There have been breakthroughs in understanding COVID-19, such as how soon an exposed person will develop symptoms and how many people on average will contract the disease after contact with an exposed individual. The wider research community is actively working on accurately predicting the percent population who are exposed, recovered, or have built immunity. Researchers currently build epidemiology models and simulators using available data from agencies and institutions, as well as historical data from similar diseases such as influenza, SARS, and MERS. It’s an uphill task for any model to accurately capture all the complexities of the real world.

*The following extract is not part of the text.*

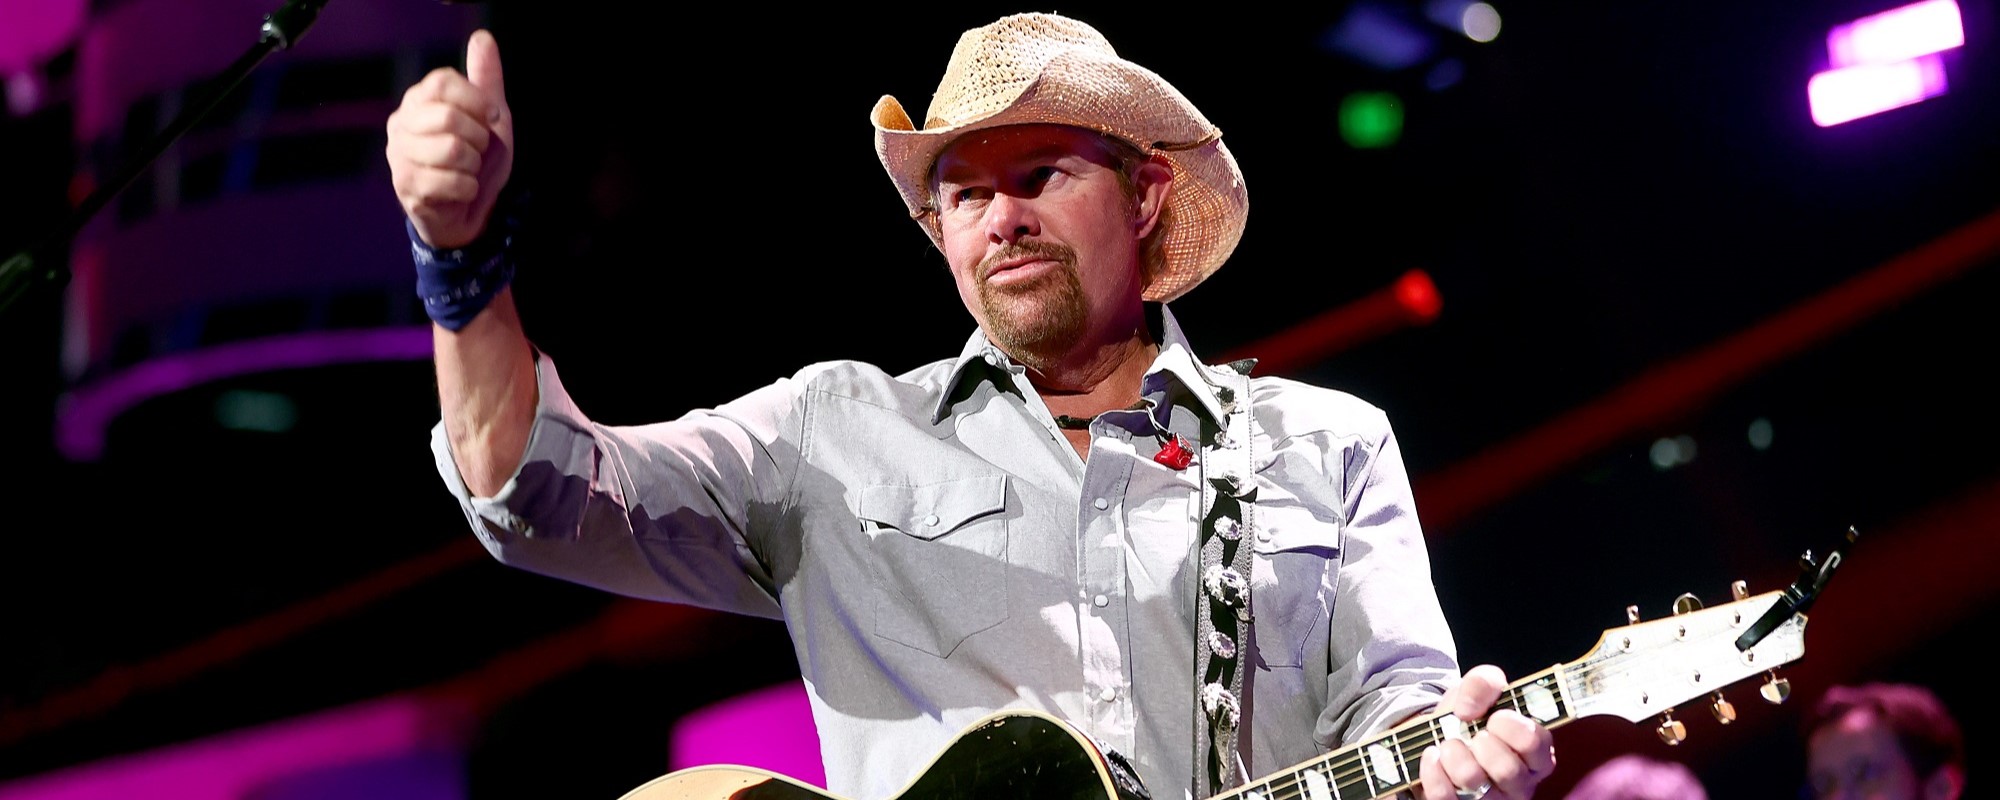 4 “Should’ve Been a Cowboy” Covers That Actually Do Toby Keith Justice
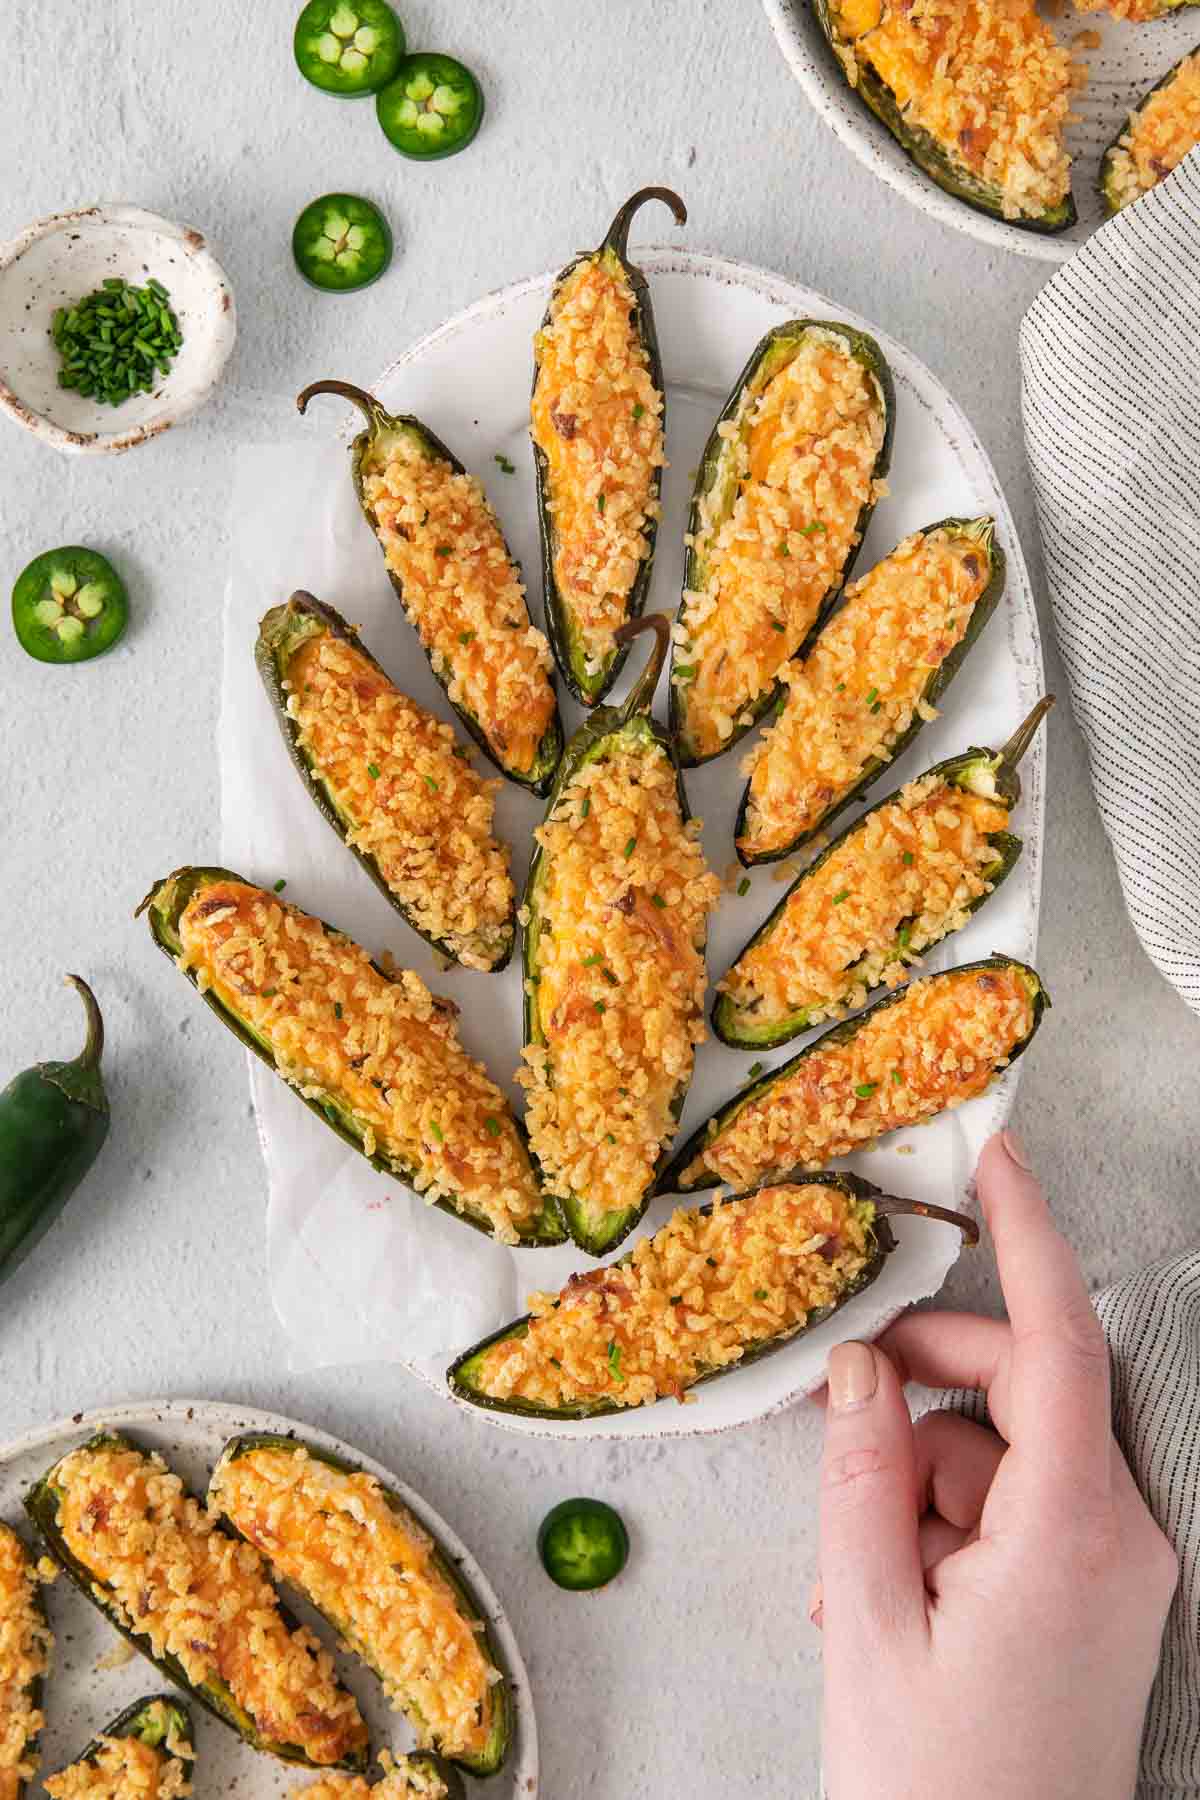 Gluten-free jalapeno poppers on a tray with a hand touching the tray

Challenges in building these models include learning parameters that influence variations in disease spread across multiple countries or populations, being able to combine various intervention strategies (such as school closures and stay-at-home orders), and running what-if scenarios by incorporating trends from diseases similar to COVID-19. COVID-19 remains a relatively unknown disease with no historic data to predict trends.

We are now open-sourcing a toolset for researchers and data scientists to better model and understand the progression of COVID-19 in a given community over time. This toolset is comprised of a disease progression simulator and several machine learning (ML) models to test the impact of various interventions. First, the ML models help bootstrap the system by estimating the disease progression and comparing the outcomes to historical data. Next, you can run the simulator with learned parameters to play out what-if scenarios for various interventions. In the following diagram, we illustrate the interactions among the extensible building blocks in the toolset.

In this post, we describe in detail how our disease simulation works, how simulation parameters are learned using supervised learning, and predict the incidence of disease given an intervention score.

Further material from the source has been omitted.